On Wednesday we learned from a team of Italian archaeologists who had analysed his bones that Caravaggio – sensational, unstable, the most rock’n’roll of 17th-century artists – may have suffered from lead poisoning from his own paints.

The Caravaggio story read like a treatment for Discovery Channel – and so did this week’s other archaeological news, that a German team have identified the bones of Eadgyth (“Edith”), King Alfred’s granddaughter, in Magdeburg Cathedral.
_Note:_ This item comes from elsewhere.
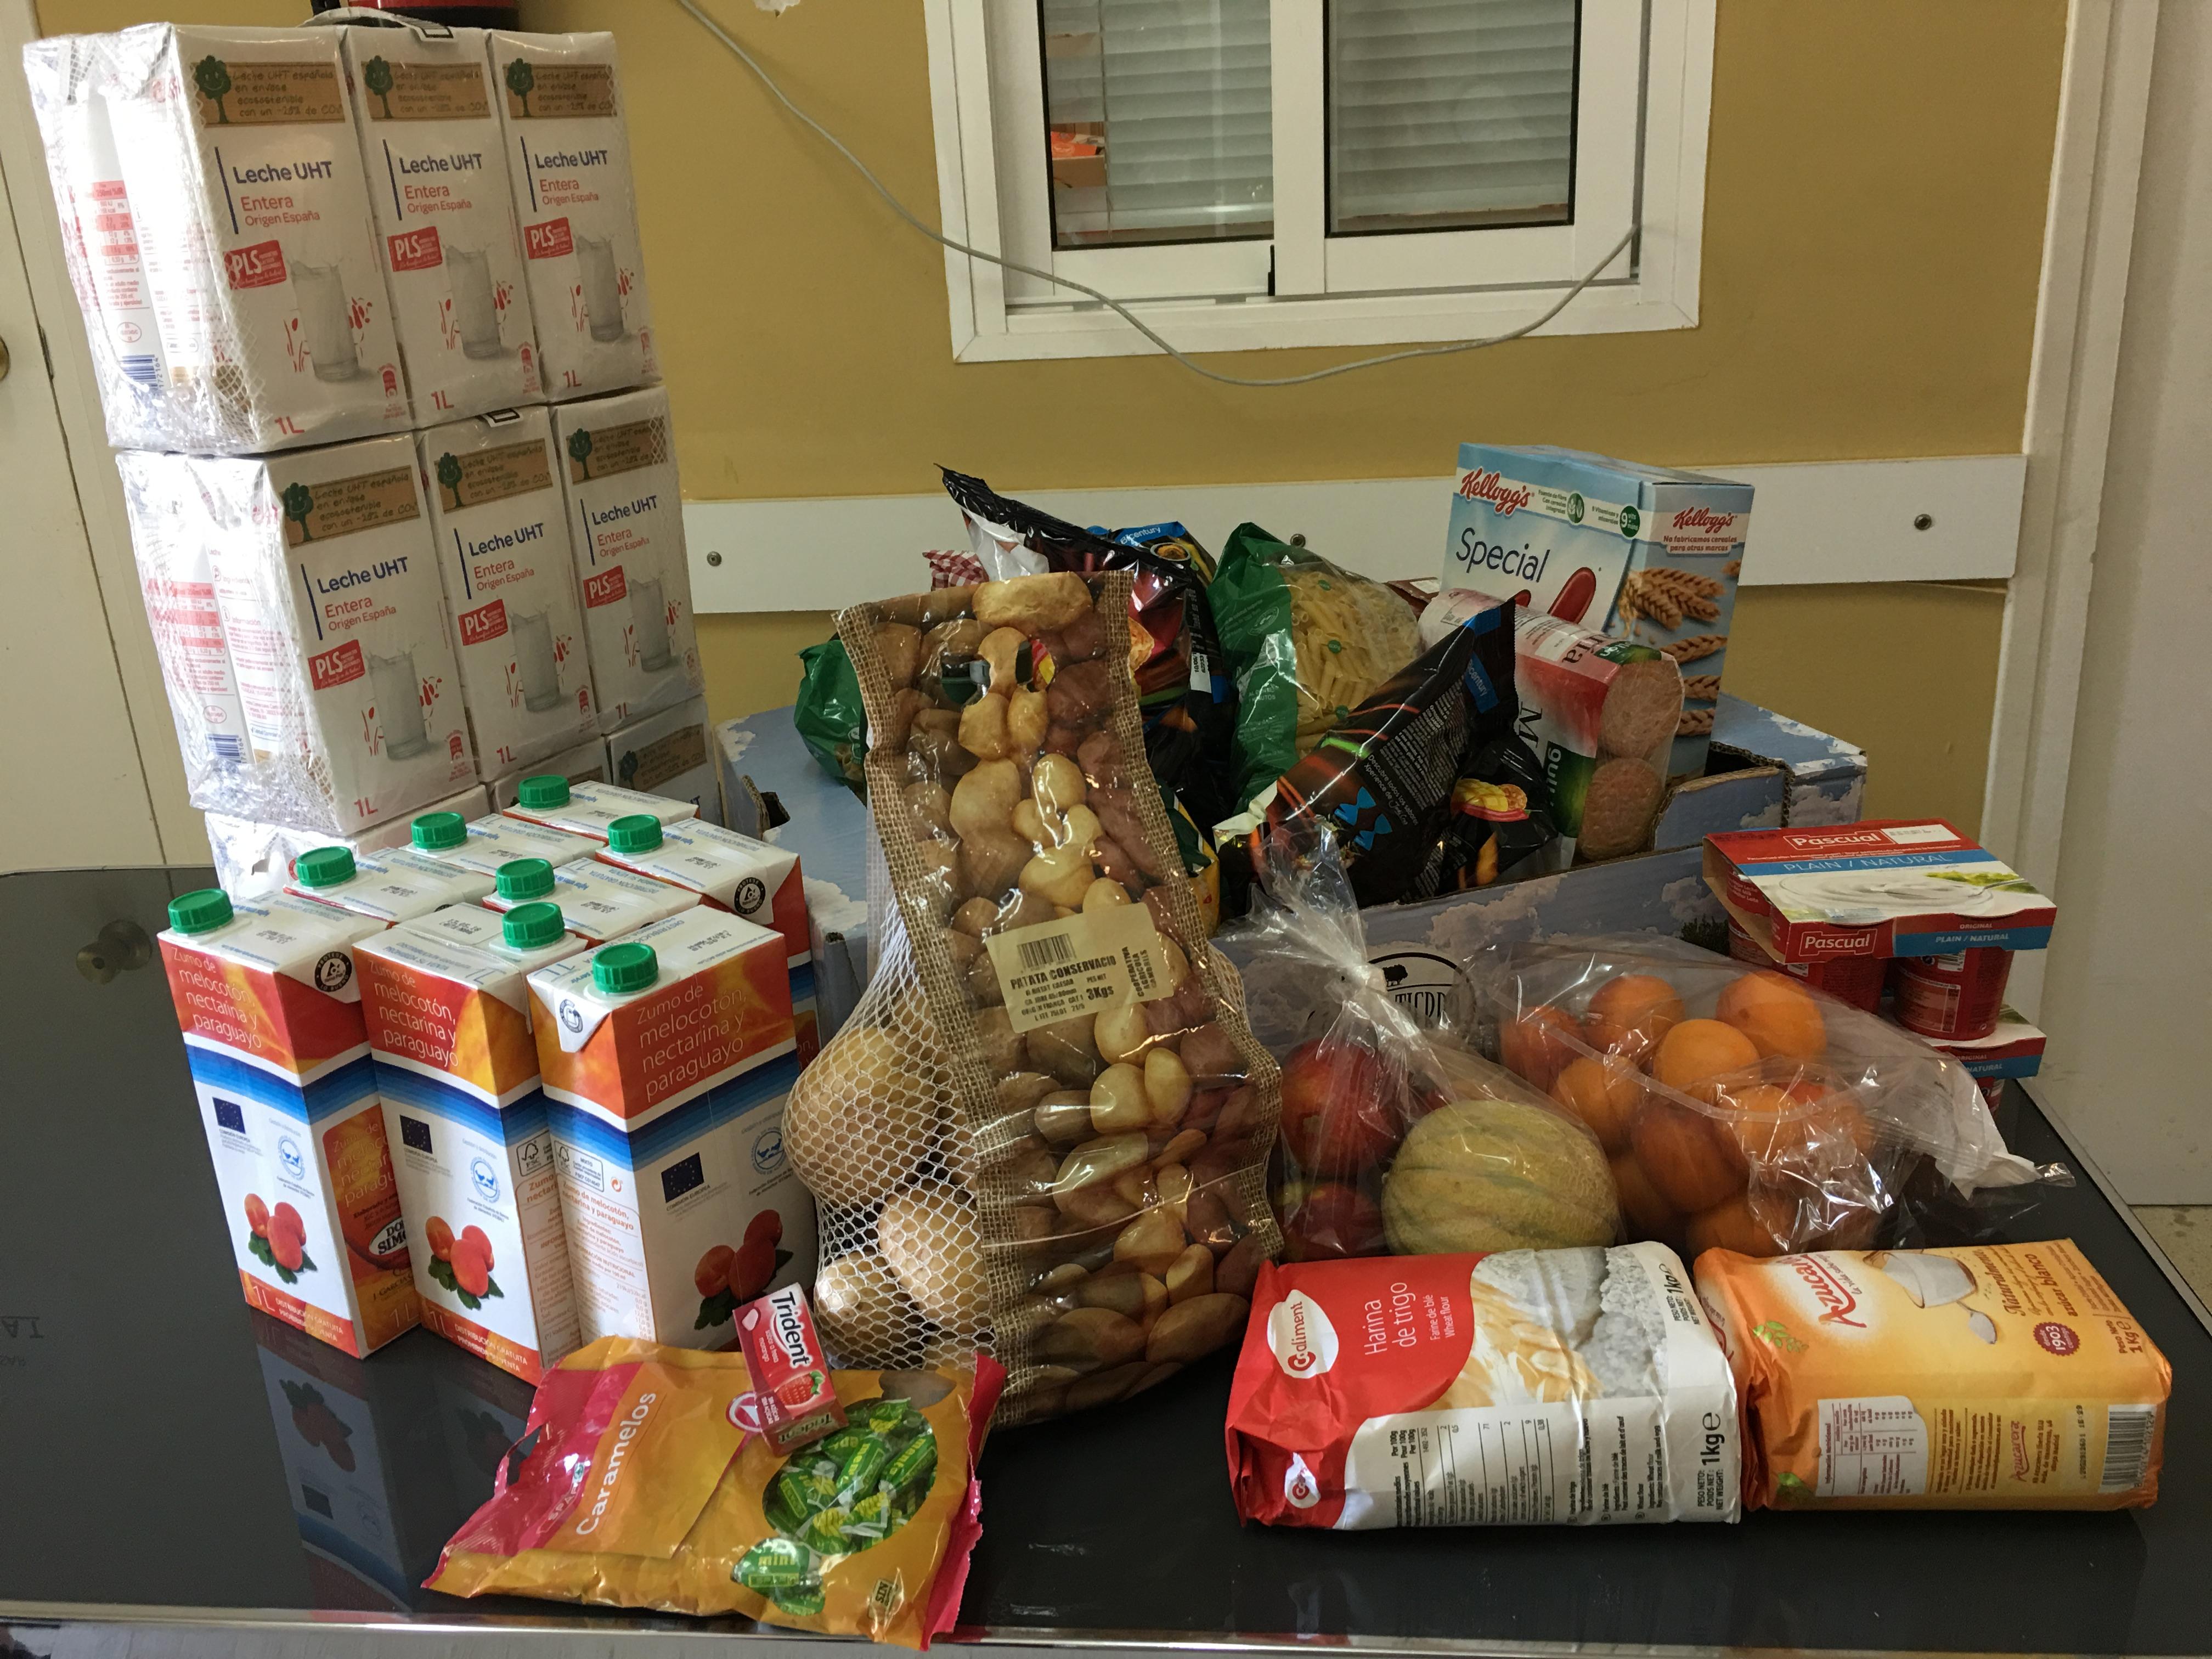 La Regidoria de Benestar Social ajuda a 44 famílies a tirar endavant a través del Banc dels Aliments

Thrillingly, her teeth have revealed that she came from chalky Wessex, and her bones show she may have suffered from an eating disorder.

I took note of Worsley saying the one story read like “a treatment for the Discover Channel.”  Before coming across her article I came across a page at Discovery Education with a lesson plan for teaching students in grades 6-8 about “Archeology and Storytelling.” ( I noted that the page goes back and forth on the spelling of “archaeology”  sometimes including the “a” and other times not.)  The lesson plan says students should learn that “Not all archaeological finds readily reveal their history to archeologists, ” and goes on to suggest one way that archaeologists fill in the gaps:  “They examine old structures and piece together bones and artifacts and also piece together fragments of oral stories to try to understand what happened in a place a long time ago.”  The emphasis is on oral history as opposed to other storytelling/creating methods that archaeologists may use.

So there you have the fruits of wondering the net for a couple hours.  I didn’t necessarily find what I wanted.  I saw enough to make me want to look more, but I must get back to my regularly scheduled reading.  Perhaps I will take this topic up again in a later post.